Das sind die wichtigsten Entscheide und Infos der GZO-Gläubigerversammlung
Sachwalter bleiben
Die Gläubiger des GZO Spitals Wetzikon hatten an einer Versammlung die Möglichkeit, den weiteren Verlauf der Spitalrettung zu beeinflussen. Wir fassen die wichtigsten Punkte zusammen.
Darum ging es
Am 8. September fand im Stadthofsaal in Uster die Gläubigerversammlung des GZO Spitals Wetzikon statt. Diese ist gesetzlich vorgeschrieben, weil sich das Spital seit Dezember 2024 in der definitiven Nachlassstundung befindet. Erst ging das GZO letztes Jahr in die provisorische Nachlassstundung über, weil es eine Anleihe über 170 Millionen Franken nicht zurückzahlen konnte. Seither arbeiten die Spitalverantwortlichen an einem Rettungsplan.

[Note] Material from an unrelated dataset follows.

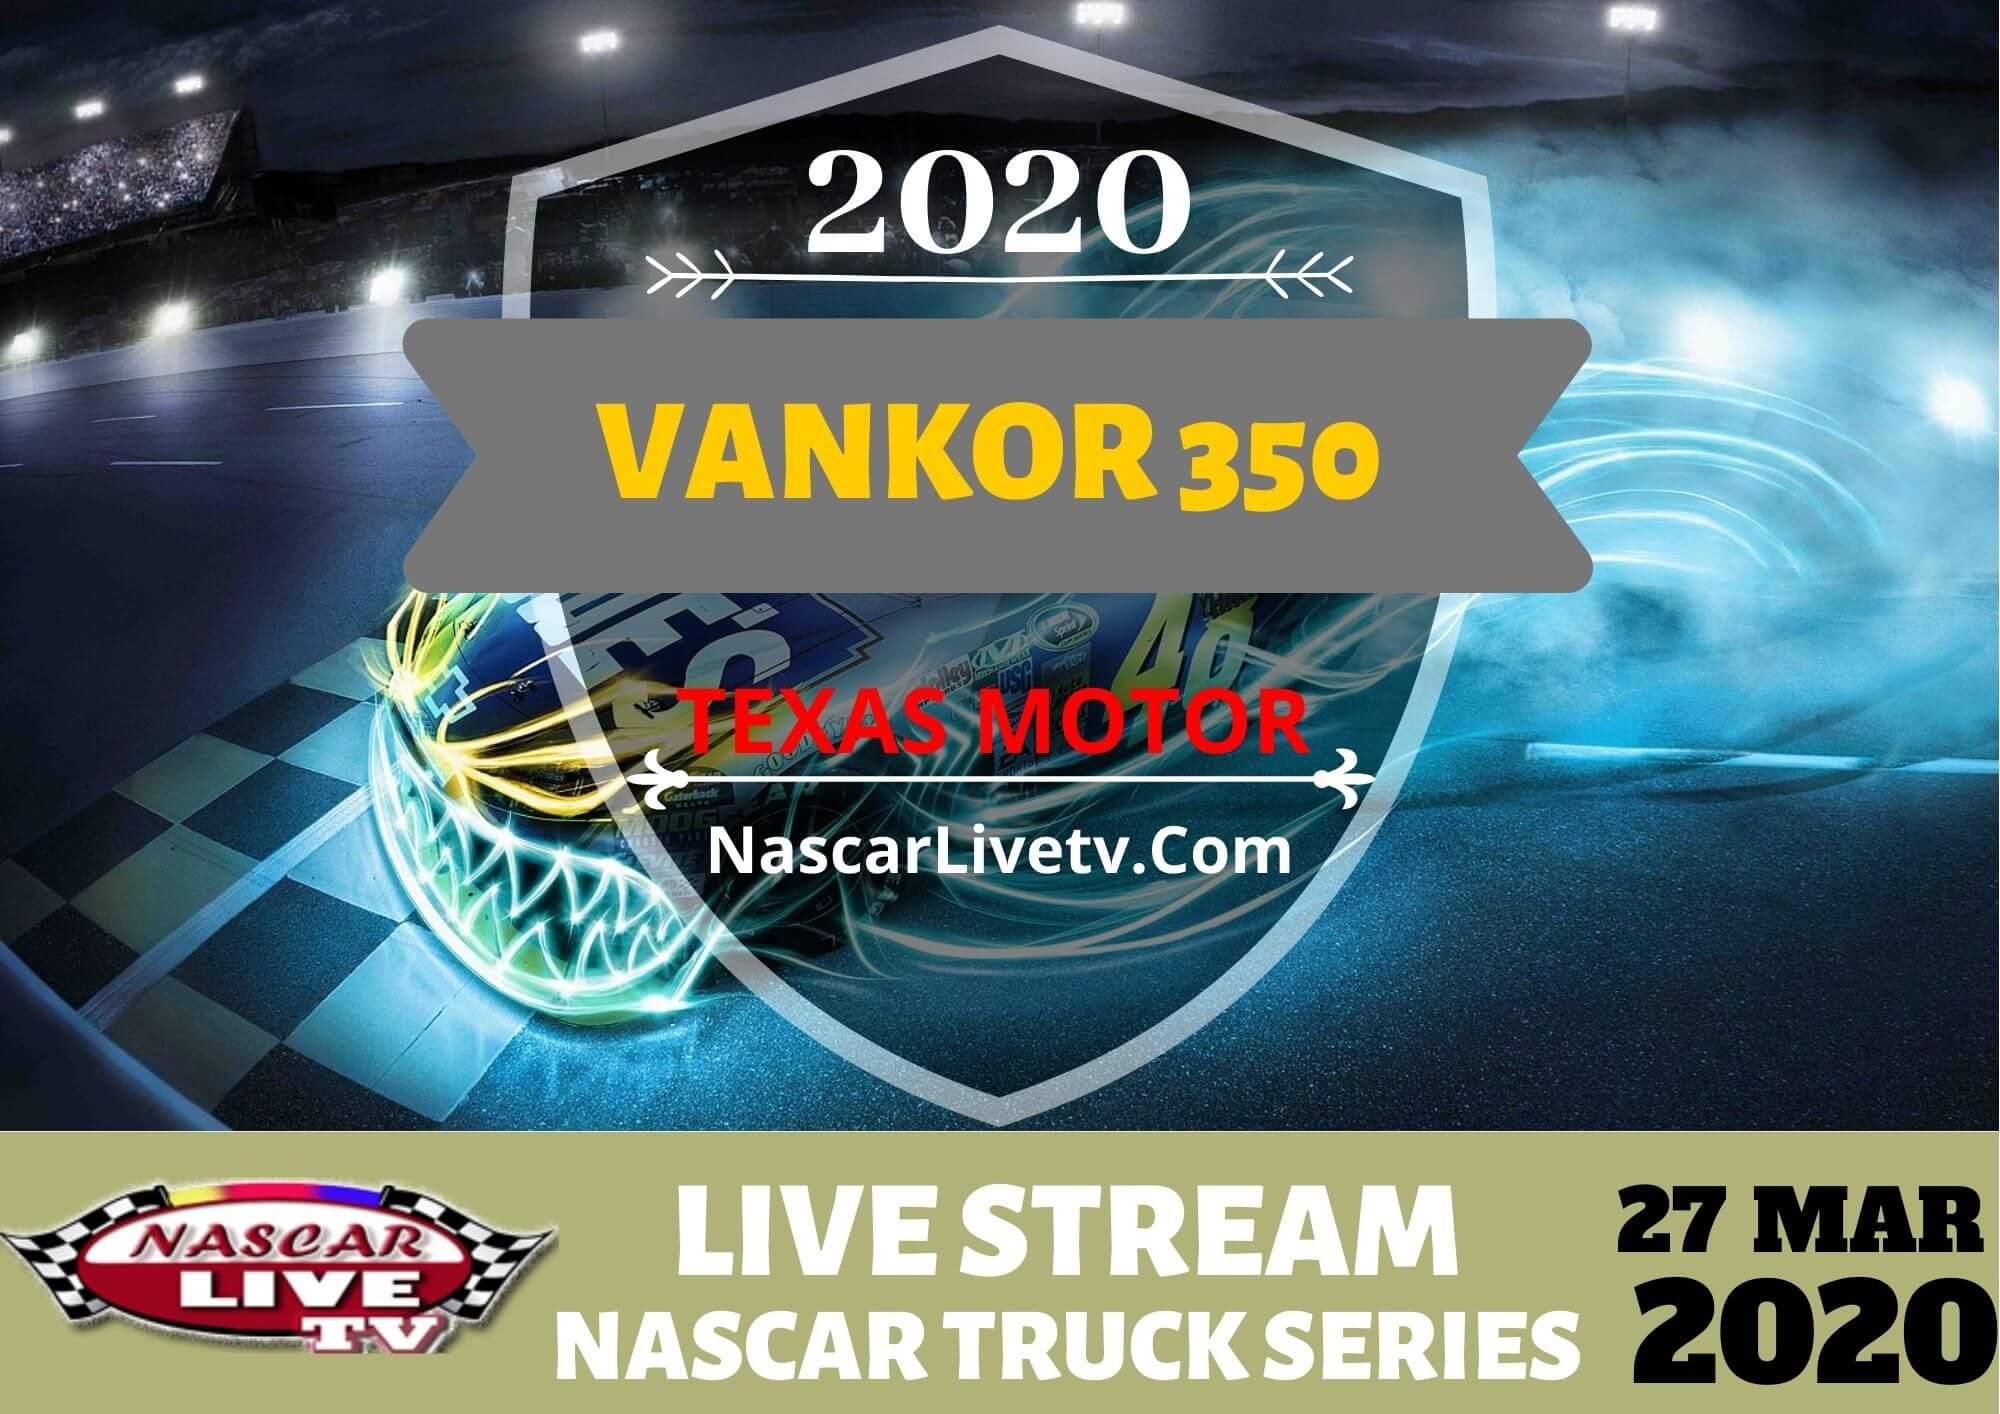 NGOTS Vankor 350 Live Stream 2020

>> Lesen Sie hier, was bisher in der Wetziker Spitalkrise passiert ist.
Die Versammlung diente nun dazu, die Gläubiger über den aktuellen Stand des Nachlassverfahrens und das Sanierungskonzept zu informieren. Zudem konnten die Gläubiger erstmals massgebend Einfluss auf den weiteren Verlauf nehmen. So war einerseits die Absetzung der bisherigen Sachwalter traktandiert – was bereits im Vorfeld heiss diskutiert worden war. Brigitte Umbach-Spahn und Stephan Kesselbach von der Kanzlei Wenger Plattner betreuen die Ausarbeitung der Rettungspläne und beaufsichtigen zudem den Spitalbetrieb. Andererseits stand die Wahl eines Gläubigerausschusses zur Debatte.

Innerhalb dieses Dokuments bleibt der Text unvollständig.